● EXERCISE DIRECTIONS:
Lift out, unaltered, the lines of the material below between the line holding "Dilworth Center Holiday Party 2023" and the line holding "7 Checklists for", counting both.

● MATERIAL SUPPLIED:
-- Opening Marker --

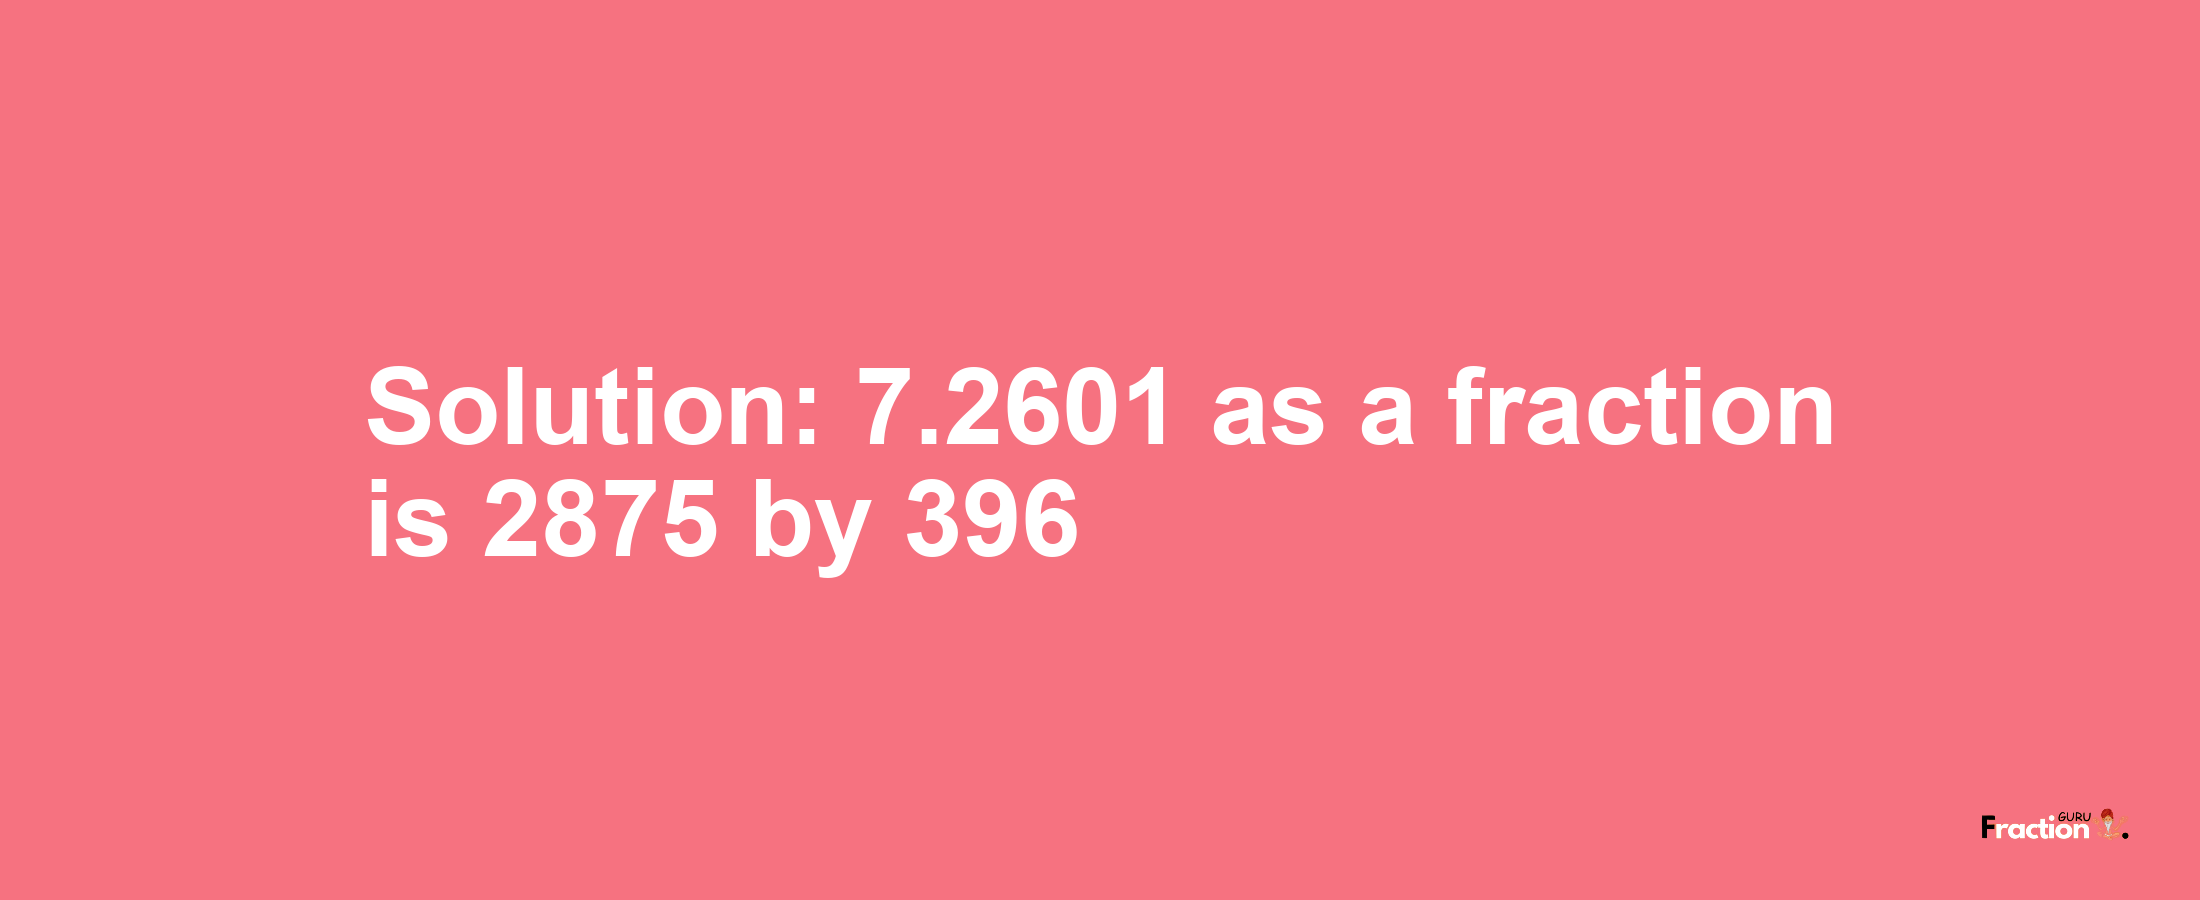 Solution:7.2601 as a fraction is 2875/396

-- Closing Marker --
-- Opening Marker --

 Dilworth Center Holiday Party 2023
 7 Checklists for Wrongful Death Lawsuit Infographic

-- Closing Marker --
-- Opening Marker --

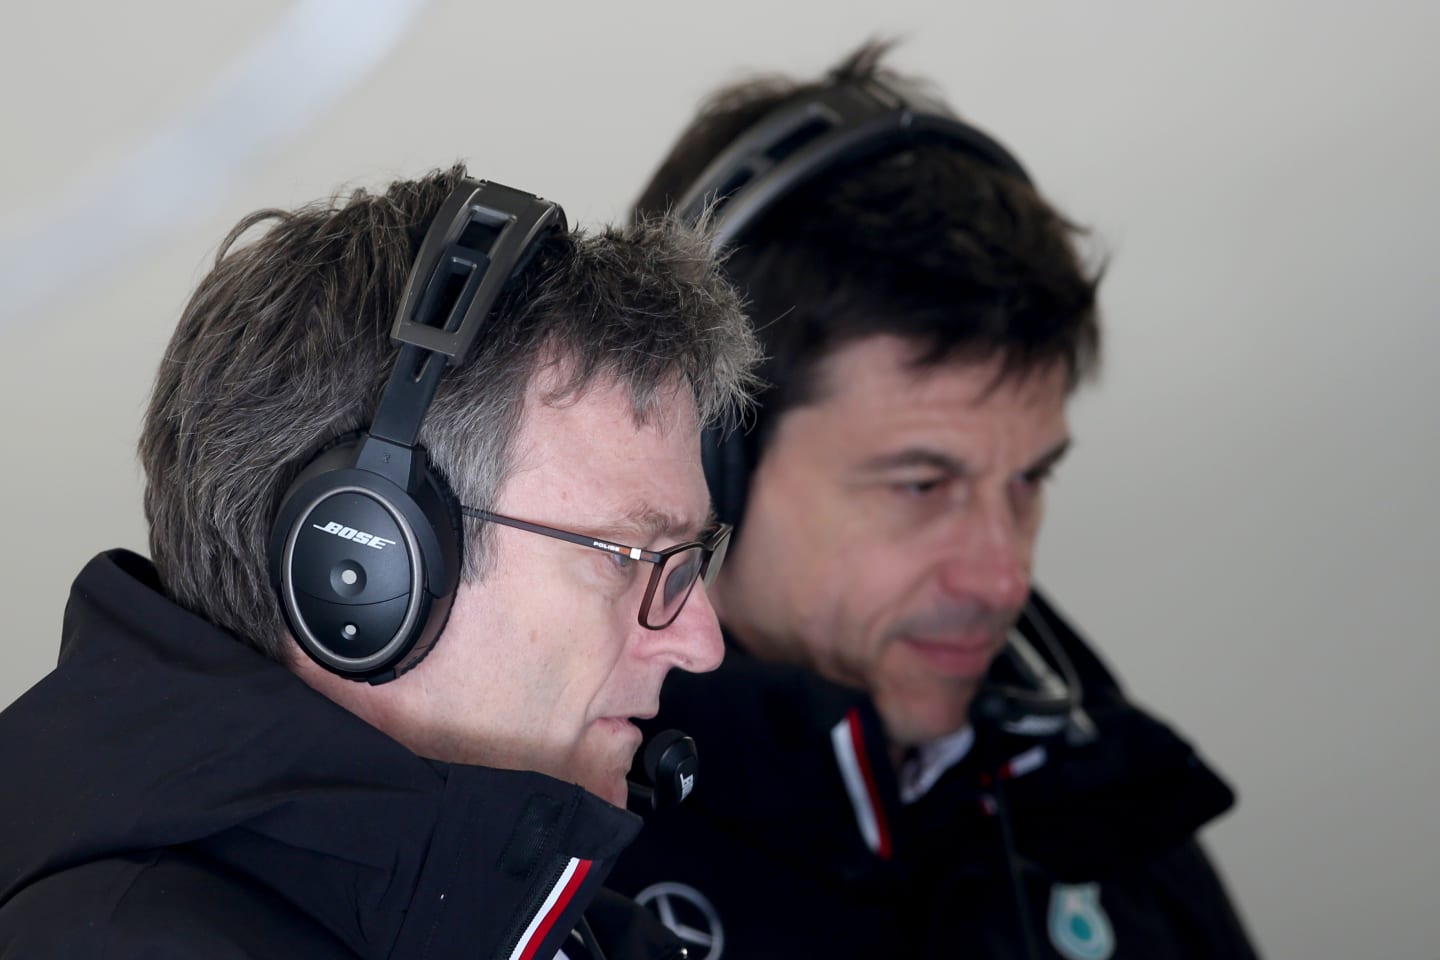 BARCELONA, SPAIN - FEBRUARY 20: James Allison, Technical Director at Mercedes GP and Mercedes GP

-- Closing Marker --

● SOLUTION FOR THIS TASK:
 Dilworth Center Holiday Party 2023
 7 Checklists for Wrongful Death Lawsuit Infographic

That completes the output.